An diesem Abend entschloss ich mich, nicht weiter darüber nachzudenken, sondern mein Leben weiter zu leben. Das ging auch zwei Monate gut, weil Rico nicht mehr sah. Ok, hin und wieder ertappte mich zwar dabei nach ihm Ausschau zu halten aber sonst vergaß ich ihn immer mehr. Es lief auch sonst besser für mich in dieser Zeit. Ich hatte sogar eine kurze Beziehung (vier Wochen) und meine Leistungen in der Ausbildung wurden nach dem Unfall auch wieder besser. Ich würde die Abschlussprüfung zwar trotzdem erst im Winter 2012 statt, wie die anderen im Frühjahr machen können, aber das war nicht weiter tragisch. So hatte ich wenigstens mehr Zeit zu lernen. Auch mit Georg versöhnte ich mich nach einer Aussprache wieder. Wir sahen beide ein, dass wir Fehler gemacht hatten. Als ich ihm dann zusicherte, dass ich das mit Rico überwunden hatte und er sich für seine Äußerungen entschuldigte, war alles wieder gut zwischen uns. Nach meinem Unfall durfte ich dann doch noch irgendwann zur Polizei und wegen des Unfalls unter Alkoholeinfluss, meine Fahrerlaubnis abgeben und eine größere ‚Spende‘ an eine, wie es hieß, gemeinnützige Einrichtung, zur ärztlichen Versorgung Obdachloser zu entrichten. Da ich bereits einmal wegen einer Geschwindigkeitsübertretung auffällig gewesen war, blieb es nicht bei einem befristeten Entzug mit Nachschulung, sondern ich wurde, zur Medizinisch-Psychologischen Untersuchung (MPU) beordert; bevor ich, nach für mich positivem Verlauf, den Führerschein neu machen durfte.

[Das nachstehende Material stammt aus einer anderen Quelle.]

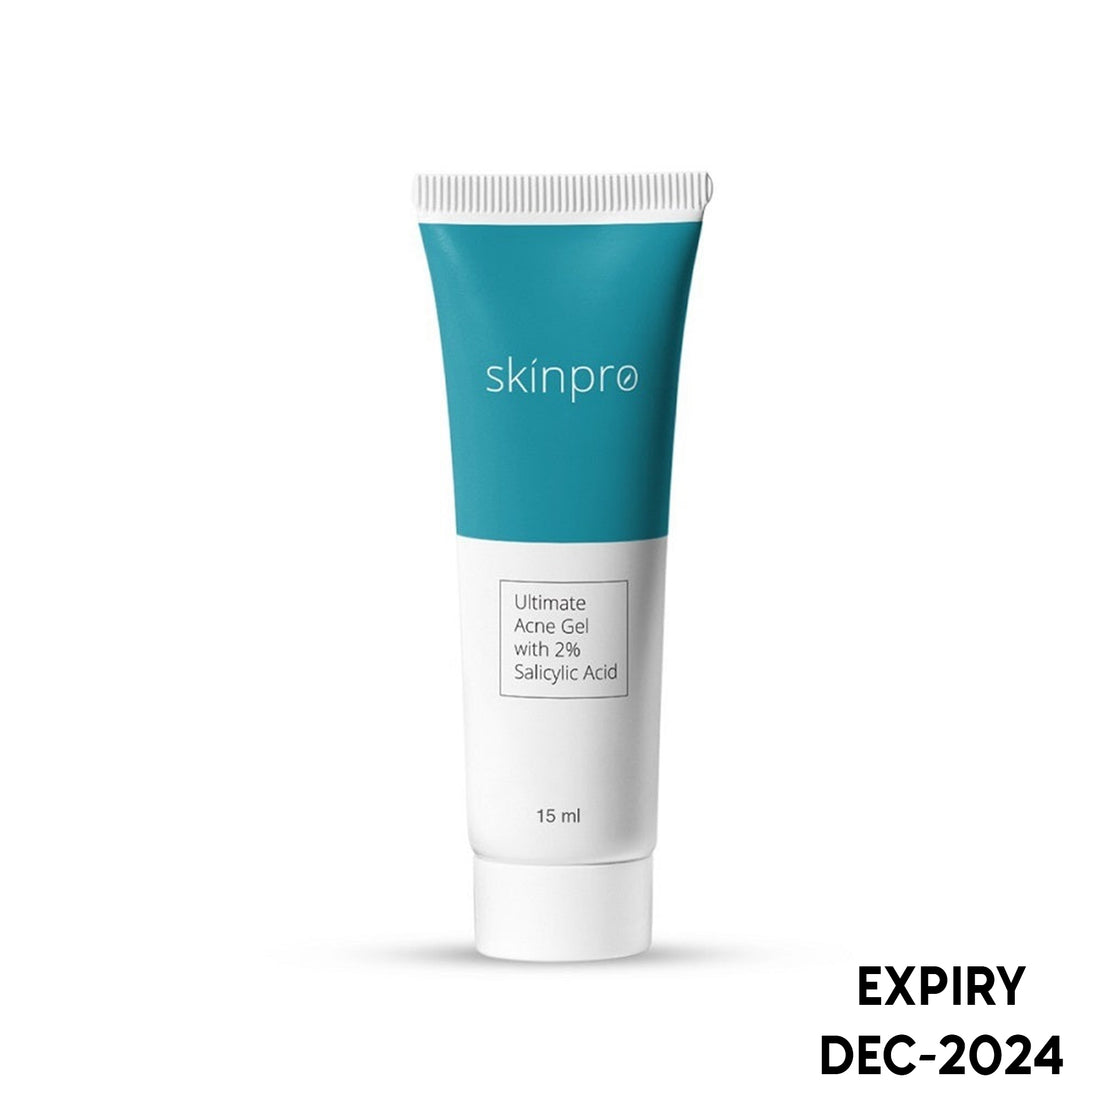 Skinpro Ultimate Acne Gel with 2% Salicylic Acid (15ml)

Wie schon gesagt, dauerte diese für mich „gute Zeit“ zwei Monate. Doch das sollte sich durch eine Begegnung schlagartig ändern. Ich wollte zum Grünwalder Marktplatz und musste dafür an der Trambahn vorbei. Ich hätte besser nicht nach Links geschaut … Denn genau dort sah ich Rico auf einer Parkbank sitzen, und musste mit ansehen, wie er mit einem anderen Jungen rumknutschte. Dieser hatte etwa sein Alter, war kleiner als Rico, schlank und hatte blonde Haare. Ich stellte mich etwas abseits der Bänke und beobachtete die beiden. Ich konnte nicht genau definieren, was ich zu diesem Zeitpunkt für Gefühle hatte. Es war eine Mischung aus Trauer, Wut, Enttäuschung, Abscheu und Eifersucht. Am liebsten wäre ich aus dem Auto gestiegen, und zu Rico gegangen, um ihm eine zu schmieren. Was dachte er sich dabei, hier so öffentlich rumzumachen?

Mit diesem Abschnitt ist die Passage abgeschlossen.